Bananas are imported into the UK in large numbers every year from a variety of developing countries including the Dominican Republic, Belize, and Cameroon. The supply chain of bananas features UK supermarkets and food retailers both directly and via British manufacturers of, for example, cereal products, confectionery and desserts. Companies such as Jordans Cereals, based in Bedfordshire, and Dorset Cereals, based in Dorset, are examples of UK food manufacturers who contribute to the import of £105mn worth of bananas on average per year (2017-19). These companies would likely face huge supply chain disruption if the developing countries’ imports could not economically provide evidence of meeting existing UK legislation on the protection of animals, plants and habitats. A similar problem would be faced by British confectionery and dessert manufacturers such as Tunnock’s, based in Glasgow; Cadbury, based in the West Midlands; Gü, based in Hertfordshire; and Mr Kipling, based in West Yorkshire, if the 2017-19 annual average of £70mn of cocoa bean imports from countries such as Côte d'Ivoire and Nigeria were affected.
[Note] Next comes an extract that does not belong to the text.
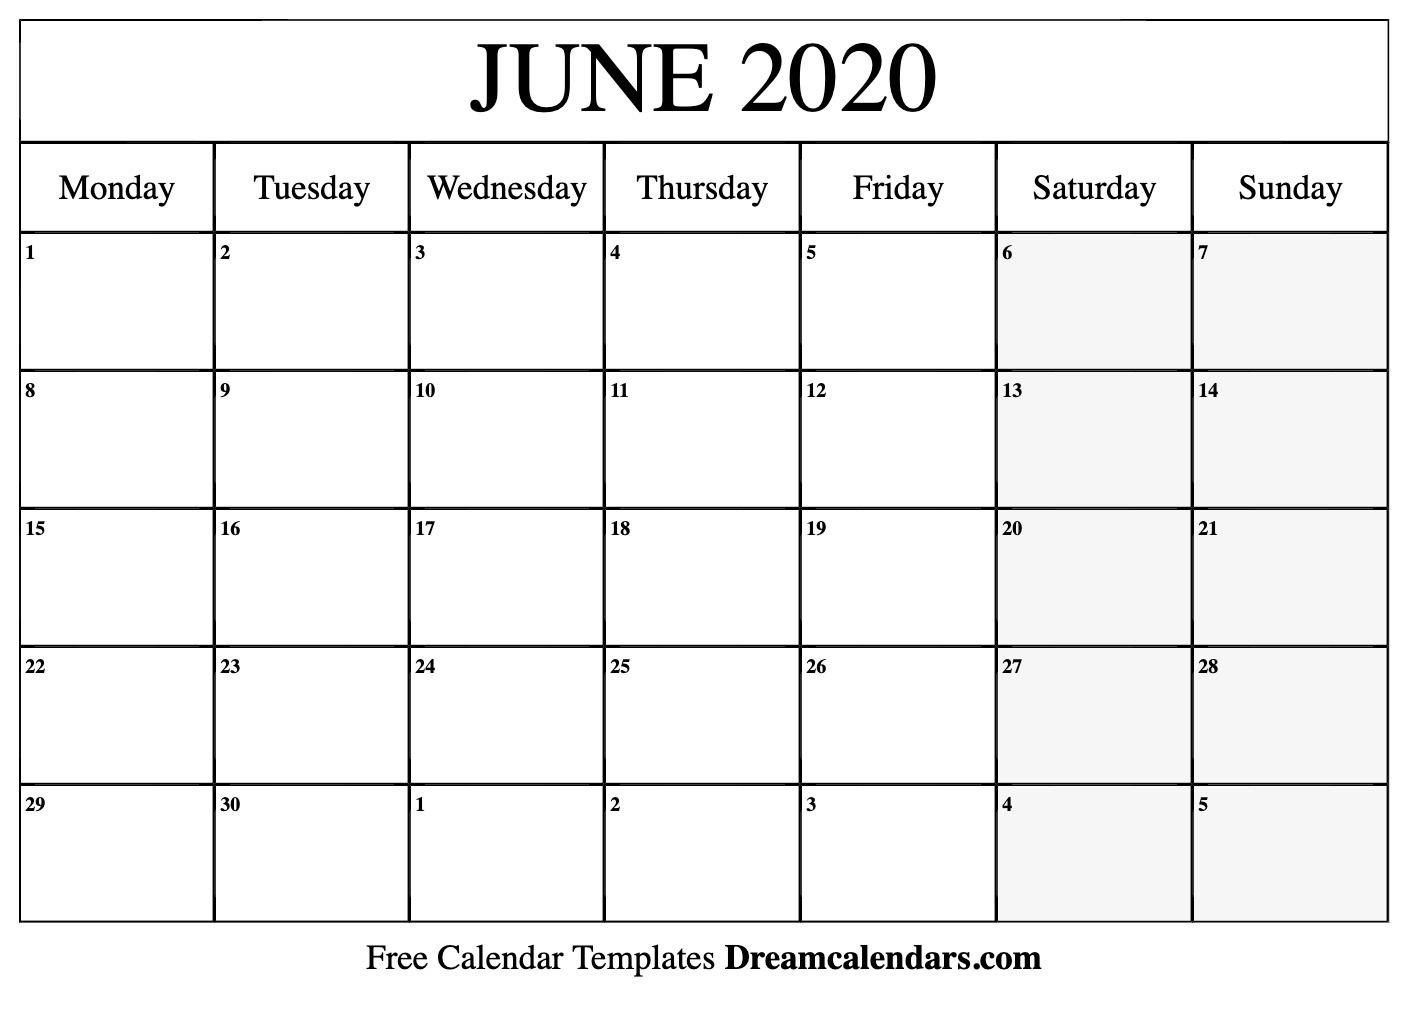 Printable June 2020 Calendar_Blank Calendar Template June 2020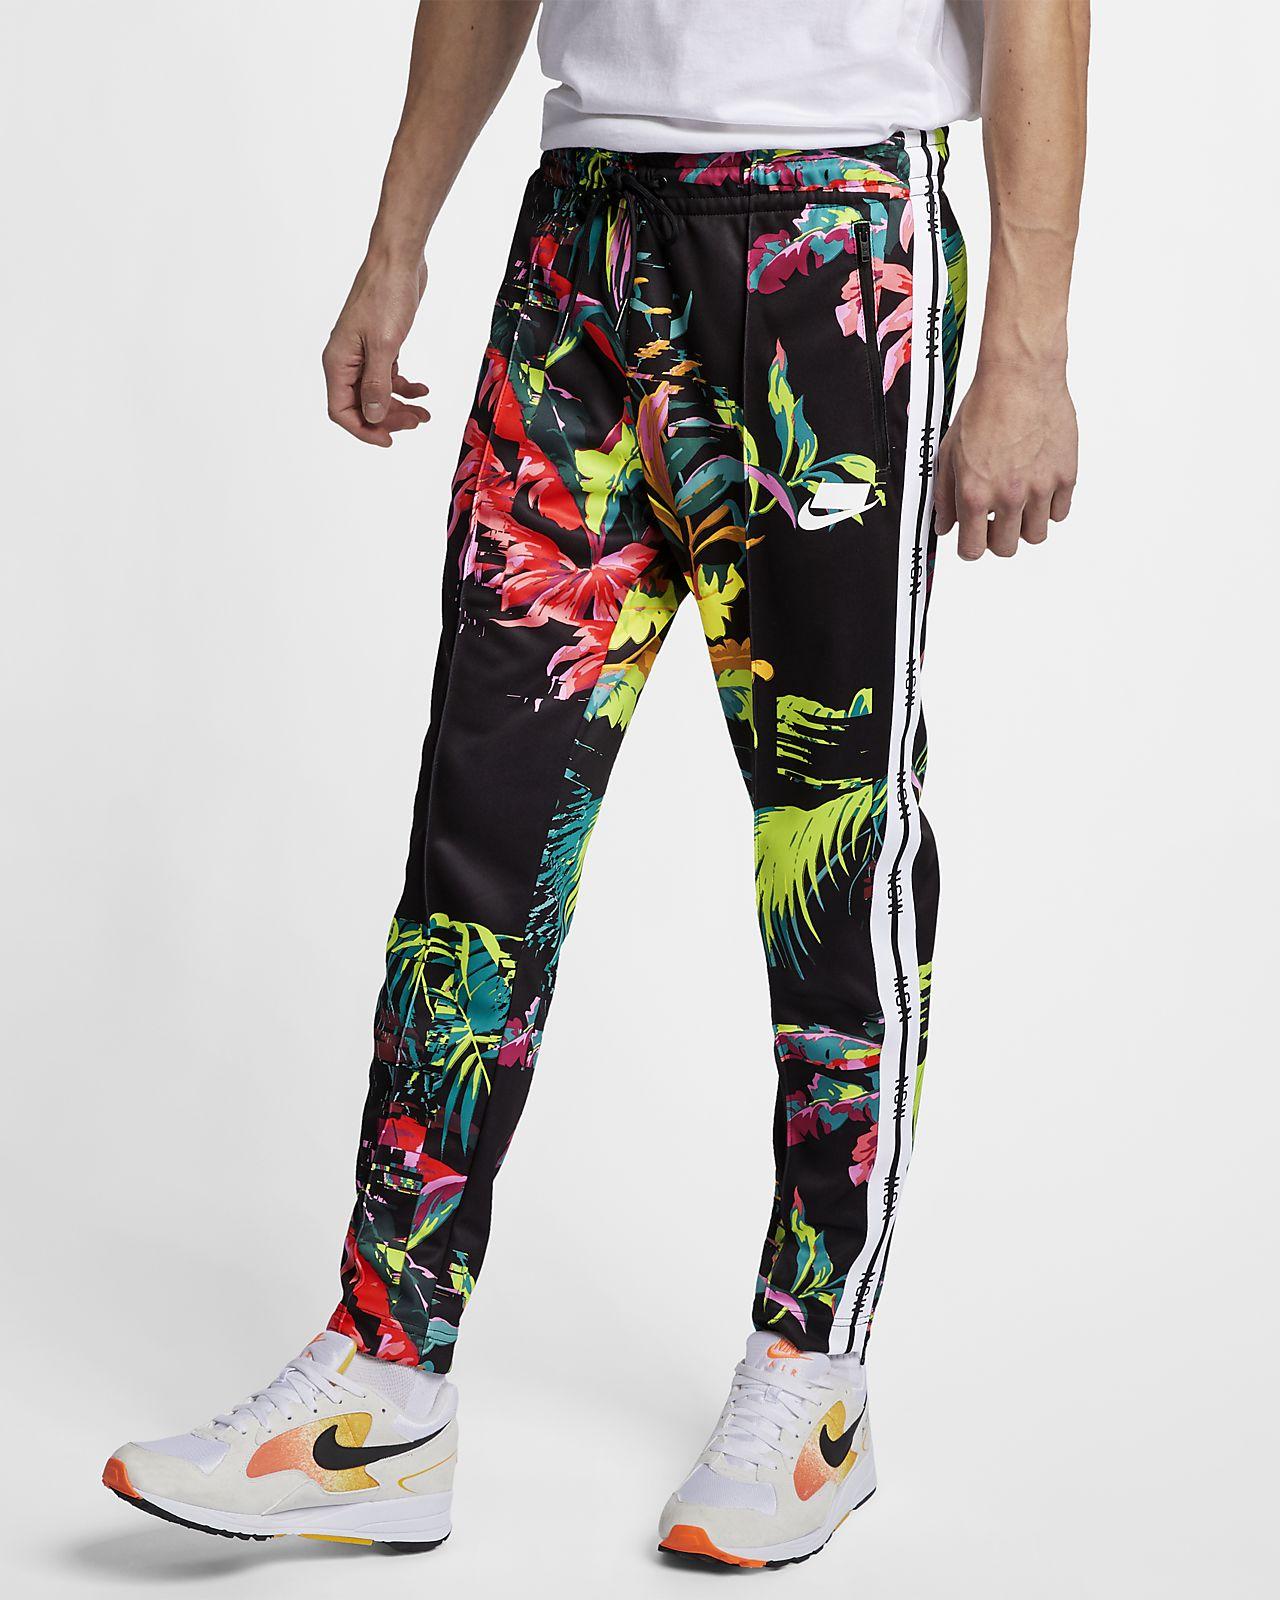 Esportius Home Nike Sportswear Pantalons Nsw Es qBnSzxatSw

I hope this outlines why I cannot support amendments which would have such a catastrophic effect, not only on the future potential of UK agricultural businesses but would have a devastating impact on our existing imports, which are not only vital products in the UK market, but would also have a terrible impact on the exports so vital to the economies of developing nations.
It remains to be seen which amendments might be selected by the Speaker however, I will not support any amendment that would have such devastating consequences for the UK’s food supply and our ability to strike trade agreements which will benefit our producers.
A final note on food standards, as I am repeatedly asked about this and it is a really important topic, I do wish to reassure people that products such as chlorinated chicken and hormone-fed beef are already banned under UK legislation - they were contained within the Withdrawal Act, which transferred large swathes of these regulations from EU law on the UK statute book. MPs would have to vote to allow such imports if they were to take place in the future, an outcome I think is highly unlikely.